Heterochromatin was also widely thought to be inert, despite the fact that it is dynamic, and there was, even then, considerable evidence of its importance in developmental processes. 177 As observed by Spencer Brown in his incisive 1966 paper: “Our present picture of gene action comes almost exclusively from microorganisms. It is a verbally simply one … the systems controlling gene regulation in higher organisms probably involve highly complex mechanisms necessary for developmental integration.” Among several considerations on the potential roles of heterochromatin, he noted the reports of chromatin associated RNAs and pondered regarding the abundant RNAs present exclusively in the nucleus that “Such observations would make sense if the genes in higher organisms were required to build complex machinery for their own control”. 177

Jim Peacock and colleagues pointed out in 1978:

In recent years it has become clear that specific genetic properties are attributable to heterochromatic regions of chromosomes and that the different segments of heterochromatin in a genome may have different properties … we present data, primarily from Drosophila, to show that the heterochromatin of each chromosome has a unique, segmental identity, and that DNA sequences in heterochromatin have, as do DNA sequences in euchromatin, defined patterns of conservation and change during evolution. We show that the properties discovered in Drosophila apply to other eukaryotes, including plants and mammals. 178

Put simply, the use of the frequency of lethal mutations by evolutionary theorists, the emphasis on negative selection to assess the extent of functionality of the genomes of complex organisms, and the assumptions that repetitive sequences and pseudogenes are non-functional were based on only rudimentary knowledge of molecular genetic information and were biased by emphasizing deleterious mutations over quantitative trait variations. It was conceptually primitive, but unfortunately influential.

Cloning and more advanced genetic mapping techniques t would later show the majority of mutations that cause severe phenotypic consequences in mammals map to protein-coding sequences – what might be called ‘catastrophic component damage’. However, the vast majority (~95%) of variations affecting complex traits – with few or only subtle effects on viability – occur outside of protein-coding sequences (Chapter 11). This is largely invisible to high-fitness-impact and lethality-based measures of genetic load but constitutes the more important component of phenotypic variability in natural populations.

However, Mayr, O’Brien and others were swimming against the tide. The phrase ‘junk DNA’ entered the popular lexicon, uncritically embraced by those – including Brenner 65 – who were convinced of the primacy of proteins in the specification of cell and developmental biology, seemingly incurious about what all that non-protein-coding DNA might be doing.
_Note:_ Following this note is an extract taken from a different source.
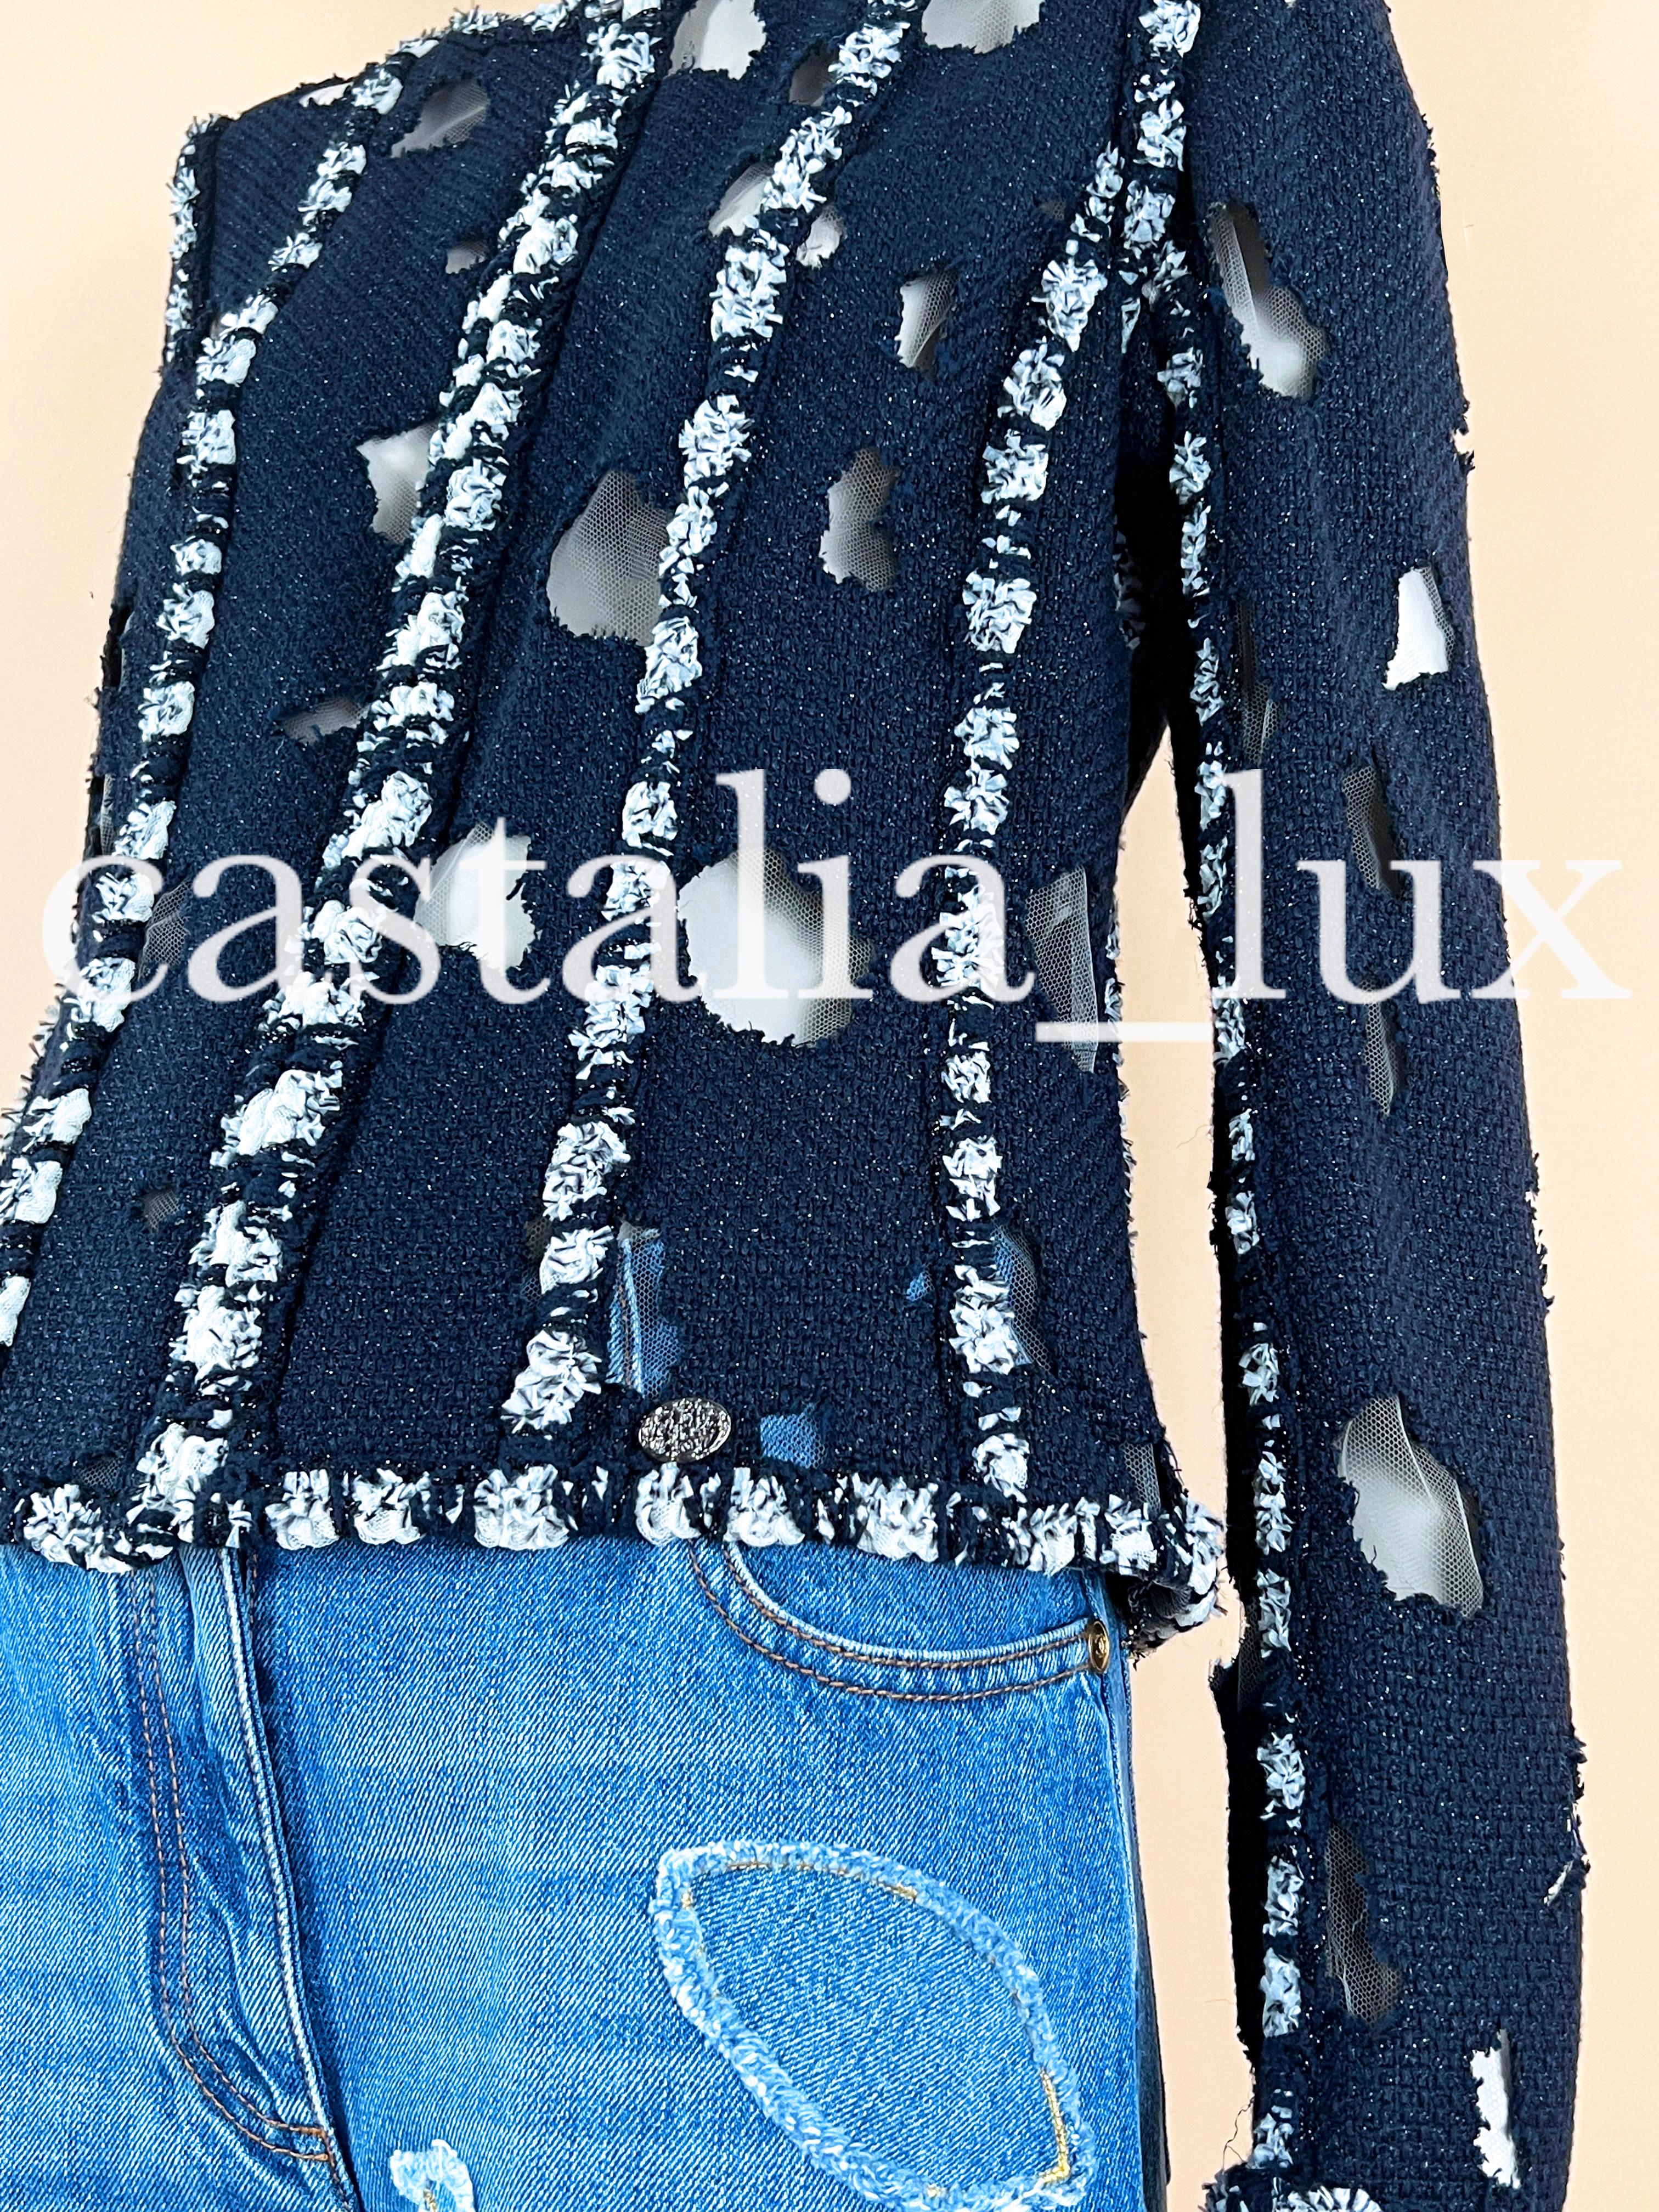 Chanel Iconic Metropolitan Museum Tweed Jacket For Sale 6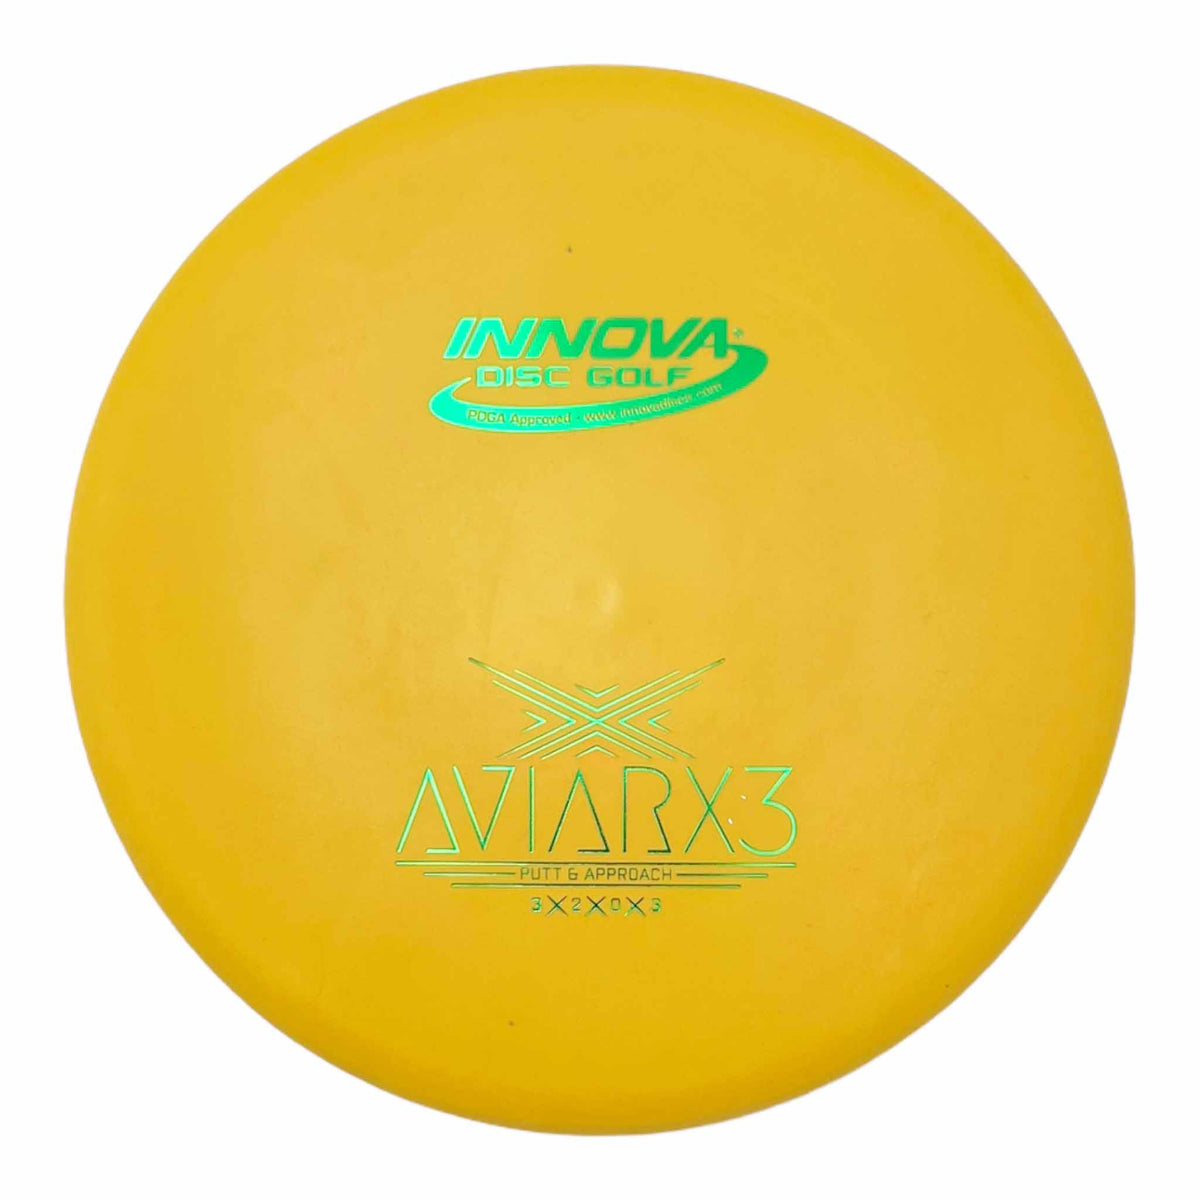 Innova Disc Golf DX AviarX3 putter and approach - Yellow

In fact, as seen below, proponents of junk DNA explicitly discouraged research into the possible roles of non-coding regions of genomes.

Selfish DNA

A logical extension of the junk DNA view was the proposal promulgated and popularized by Richard Dawkins in 1976, following earlier theorizing by George Williams 179 and William Hamilton, 180 that DNA sequences have a propensity to select for their survival, which he termed “the selfish gene”. 181 Dawkins argued that the selfish gene hypothesis can explain the fact that “a large fraction of the DNA is never translated into protein”, stating “The simplest way to explain the surplus DNA is to suppose that it is a parasite, or at best a harmless but useless passenger, hitching a ride in the survival machines created by the other DNA”. 181

The concept was extended in 1980 by back-to-back papers by Ford Doolittle and Carmen Sapienza, and Leslie Orgel and Crick, entitled ‘Selfish genes, the phenotype paradigm and genome evolution’ and ‘Selfish DNA: the ultimate parasite’, respectively. 155 , 182 , 183 As put by the latter:

In summary, then, there is a large amount of evidence which suggests, but does not prove, that much DNA in higher organisms is little better than junk. We shall assume, for the rest of this article, that this hypothesis is true … What we would stress is that not all selfish DNA is likely to become useful. Much of it may have no specific function at all. It would be folly in such cases to hunt obsessively for one. 183

The exemplars of selfish DNA were sequences derived from (endogenous) retroviruses, transposons and other types of repetitive elements (Figure 7.3), which reinforced the view that these elements are (mainly) genetic hobos, u notwithstanding McClintock’s demonstrations that transposon mobilization changes developmental phenotype and responses to the environment. 184 The view of transposons as functionless and/or deleterious parasites v has endured, 189–191 reinforced by the discovery that they are restrained by methylation (Chapter 14) and other ‘silencing’ mechanisms. Although their discovery earned McClintock a Nobel Prize in 1983, it seems that her emphasis and insistence on them as controlling elements in differentiation and development, and the finding that TEs cause insertional mutations in bacteria, delayed the award. 192 , 193

Figure 7.3. Classification of transposable elements and mechanisms of transposition.

Figure 7.3

Classification of transposable elements and mechanisms of transposition. Class I retrotransposons mobilize via an RNA intermediate. Class II DNA transposons utilize a DNA intermediate. Autonomous elements encode the enzymatic machinery necessary for their (more...)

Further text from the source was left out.